Dawnee LeBeau for NPR

RAPID CITY, S.D. ― Jeni Rae Peters would make promises to herself as she lay awake nights after being diagnosed with breast cancer two years ago.

“My kids had lost so much,” said Peters, a single mom and mental health counselor. She had just adopted two girls and was fostering four other children. “I swore I wouldn’t force them to have yet another parent.”

Multiple surgeries, radiation, and chemotherapy controlled the cancer. But, despite having insurance, Peters was left with more than $30,000 of debt, threats from bill collectors, and more anxious nights thinking of her kids.

“Do I pull them out of day care? Do I stop their schooling and tutoring? Do I not help them with college?” Peters asked herself. “My doctor saved my life, but my medical bills are stealing from my children’s lives.”

Cancer kills about 600,000 people in the U.S. every year, making it a leading cause of death. Many more survive it, because of breakthroughs in medicines and therapies.

But the high costs of modern-day care have left millions with a devastating financial burden. That’s forced patients and their families to make gut-wrenching sacrifices even as they confront a grave illness, according to a KHN-NPR investigation of America’s sprawling medical debt problem. The project shows few suffer more than those with cancer.

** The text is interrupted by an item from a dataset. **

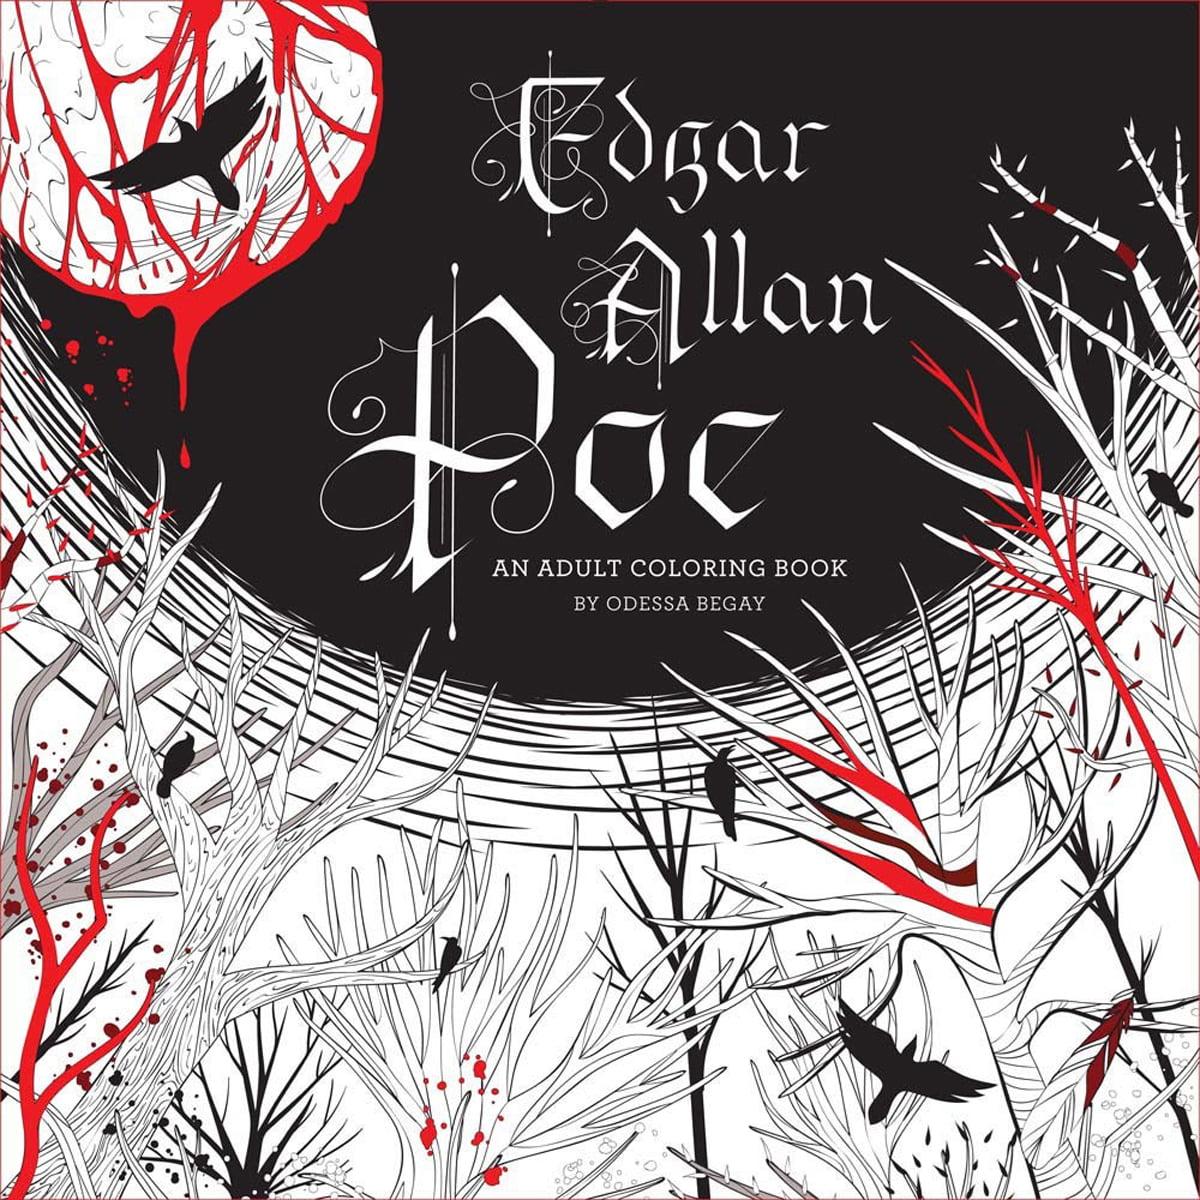 Lark Books-Edgar Allan Poe: An Adult Coloring Book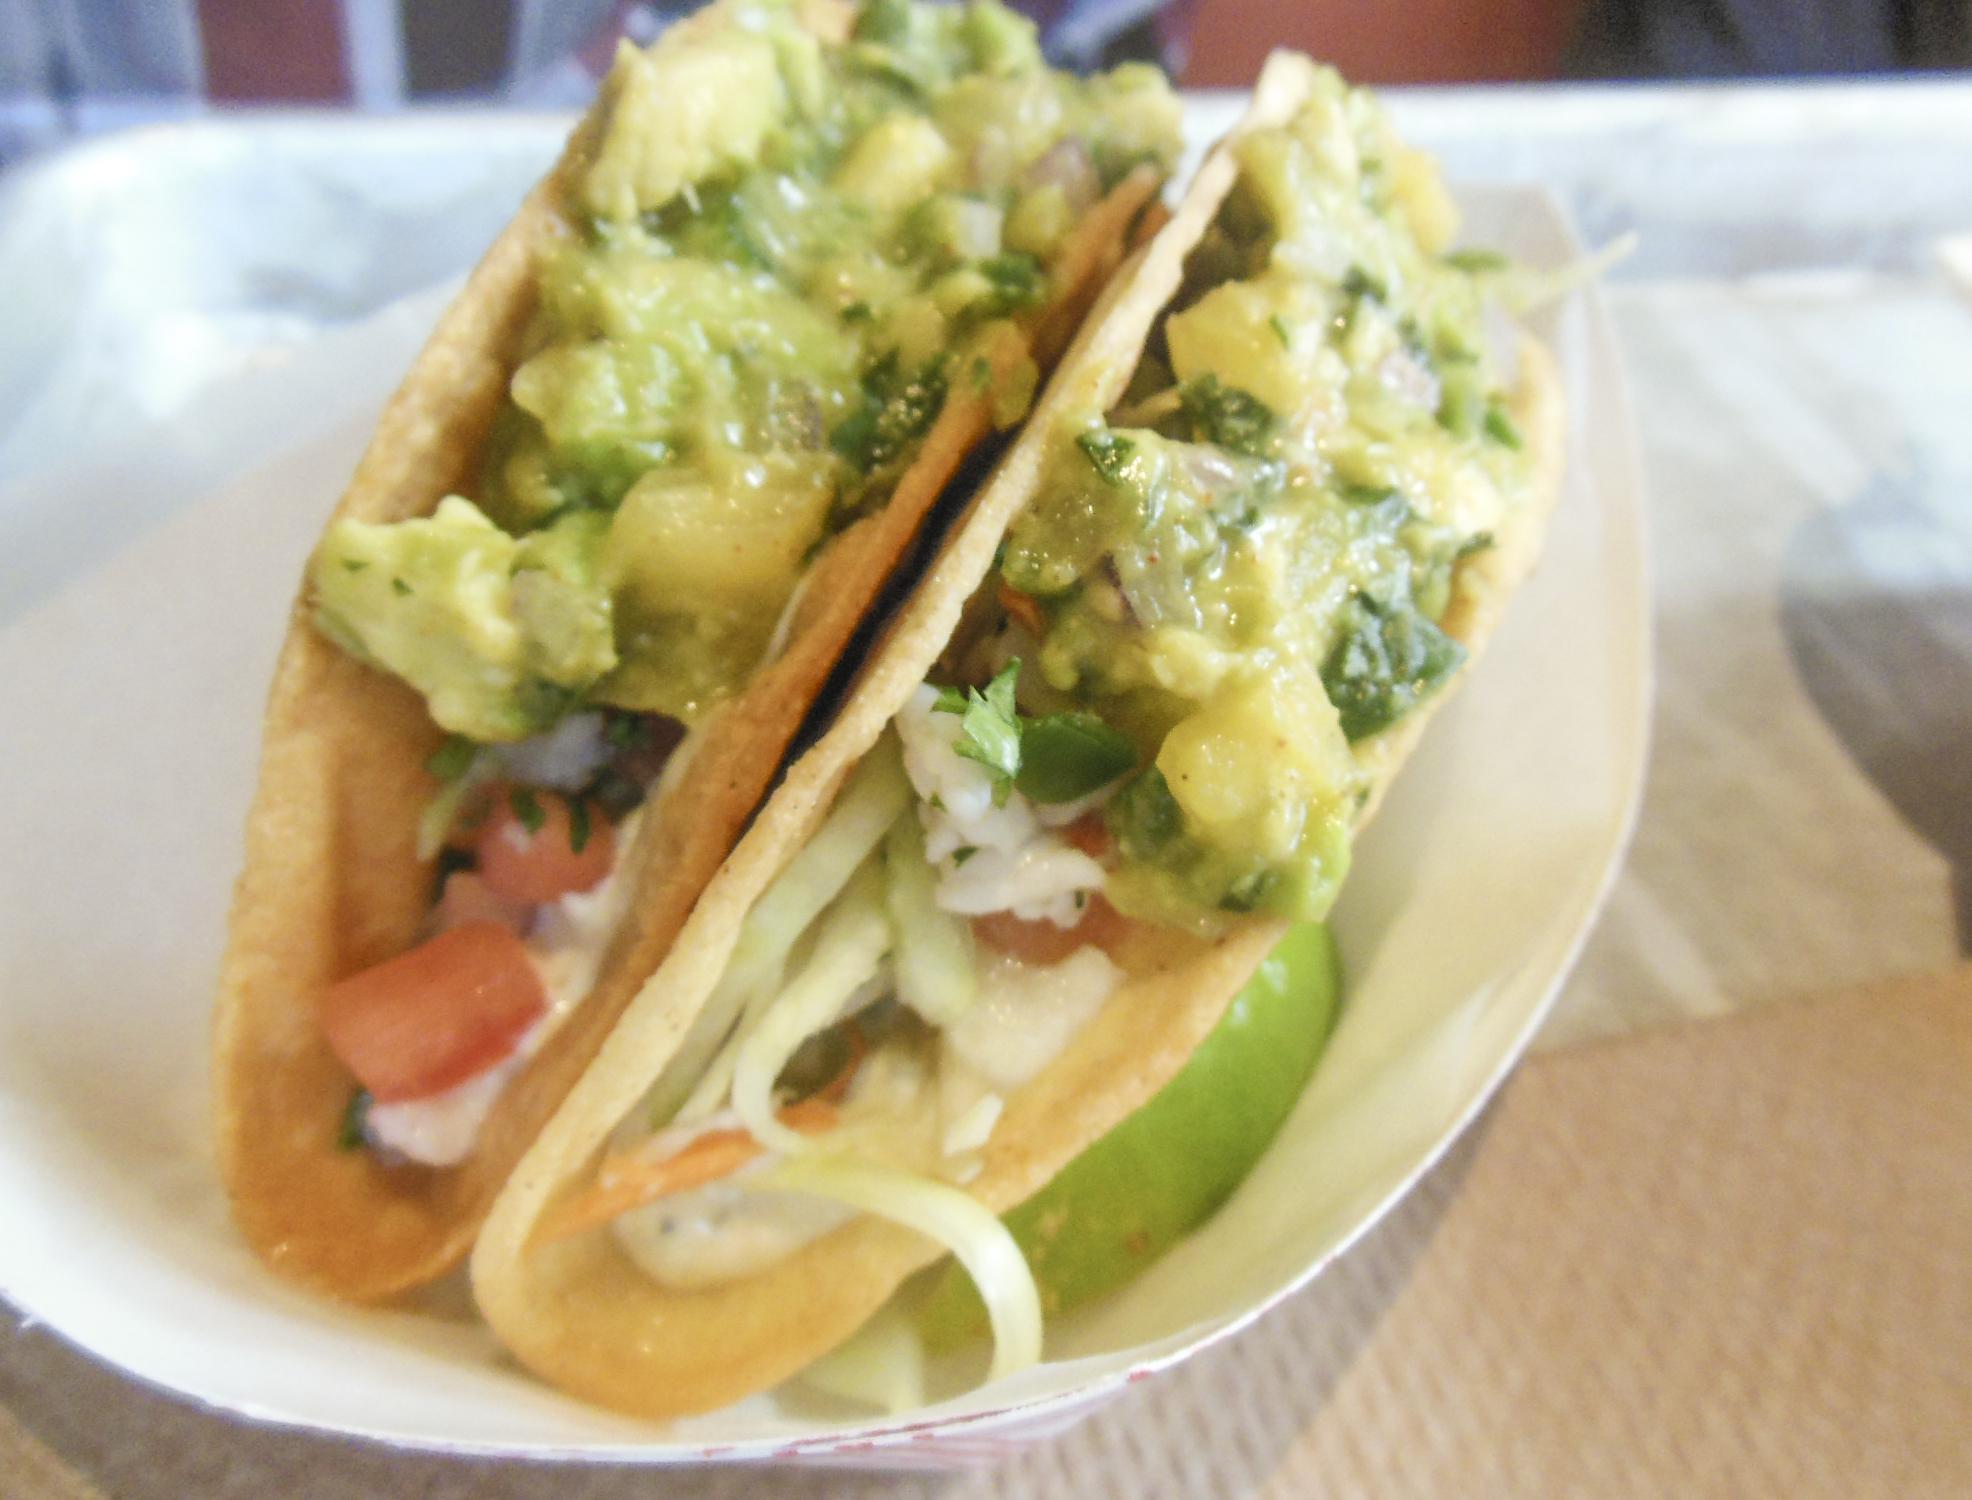 Ceviche Tacos at Genuine Roadside | Foodable WebTV Network

About two-thirds of adults with health care debt who’ve had cancer themselves or in their family have cut spending on food, clothing, or other household basics, a poll conducted by KFF (Kaiser Family Foundation) for this project found. About 1 in 4 have declared bankruptcy or lost their home to eviction or foreclosure.

Other research shows that patients from minority communities are more likely to experience financial hardships caused by cancer than white patients, reinforcing racial disparities that shadow the U.S. health care system.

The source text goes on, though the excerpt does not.